There is an urgent need to reignite growth and revitalize the American economy. The U.S. government needs to retool the economy’s engine so that it can run at a higher, sustainable growth rate for the decades to come. The plan to reward work by raising the minimum wages was to strengthen the middle class. This would have helped to increase the worker productivity and consumer purchasing power in order to stimulate the economy. According to Dale Belman of Michigan State University and Paul Wolfson of the Tuck School of Business at Dartmouth, a moderate increase in the minimum wage would have helped to raise the earnings of low-income workers and reduce poverty without jeopardizing employment. A higher minimum wage will allow more families to realize the American Dream.

Basically, the low income workers work for small firms with small profits. These businesses will have to raise prices to pay their workers’ wages. It is predicted that a $15 wage would result in prices being increased by roughly 4%. It is the customers, not the business owners who will pay that cost. The minimum wage worker will now have increased spending power and financial freedom. Their increased spending will lead to higher demand for goods and services, which will mean higher wages, or more jobs being created. This is actually a virtuous cycle– when people have more money, businesses will have more customers and they will hire more workers.

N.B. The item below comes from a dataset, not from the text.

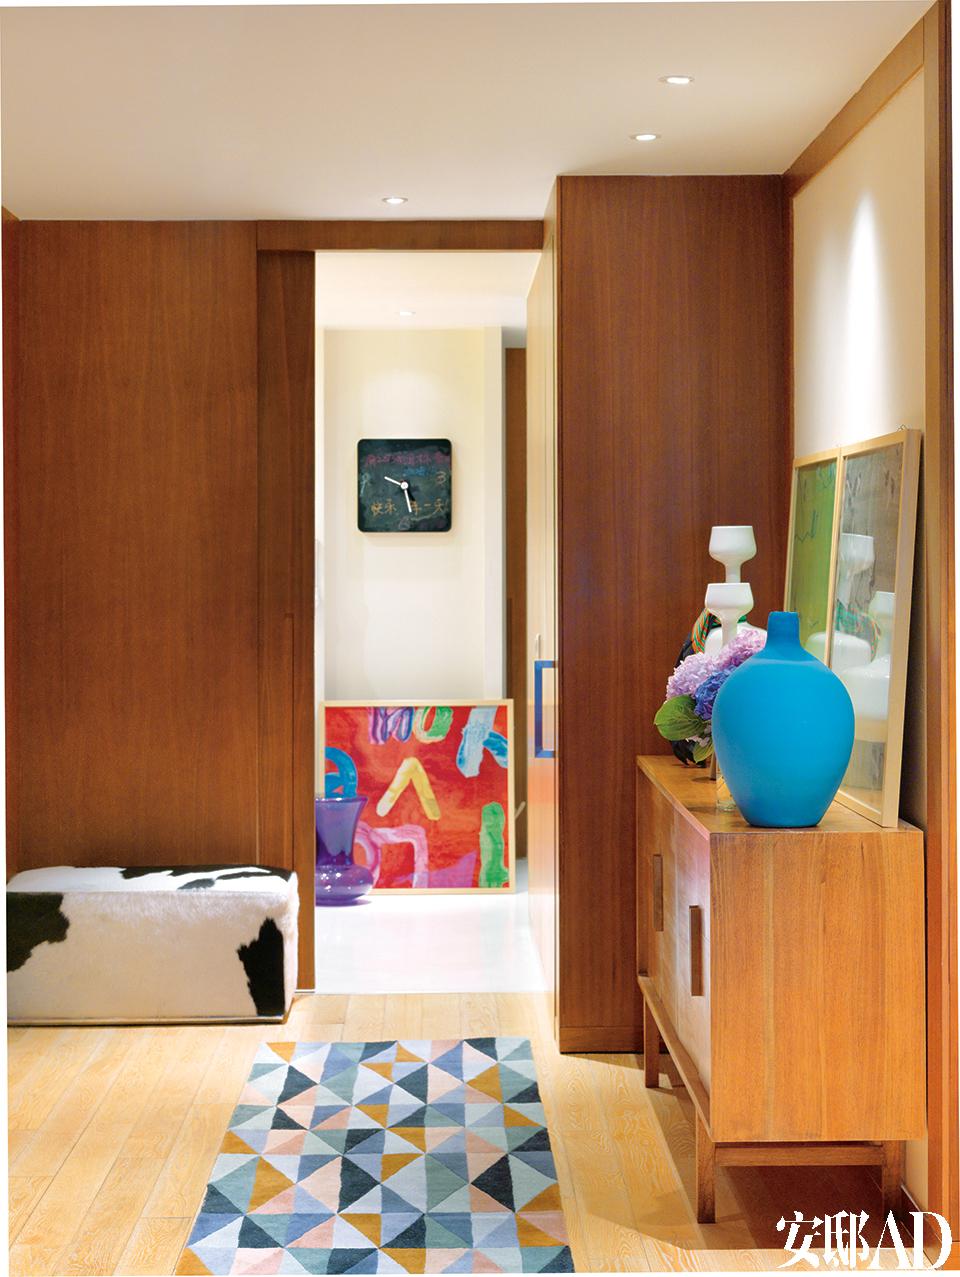 进门的玄关处以及与玄关相连的化妆室,紫色坐墩来自Kartell,旁边是毯言织造的装饰挂毯。

But what about the skilled workers currently making around $15/hr or slightly more (mainly the teachers)? Higher wages means more people contributing via taxes and less on public assistance. More contributions to state funds means they will inevitably get a pay raise as well. Therefore, the minimum wage would initially have a substantial impact only on the wages of low-income workers. And slowly this will raise wages for millions more by causing a ripple effect. This will gradually increase the wages and create jobs across all industries including the highly skilled job trades and STEM careers.

The minimum wage hike to $15 therefore will bring more jobs rather than killing them. I strongly believe that there will be strong earning effects and no employment effects if the law is passed. Do you agree?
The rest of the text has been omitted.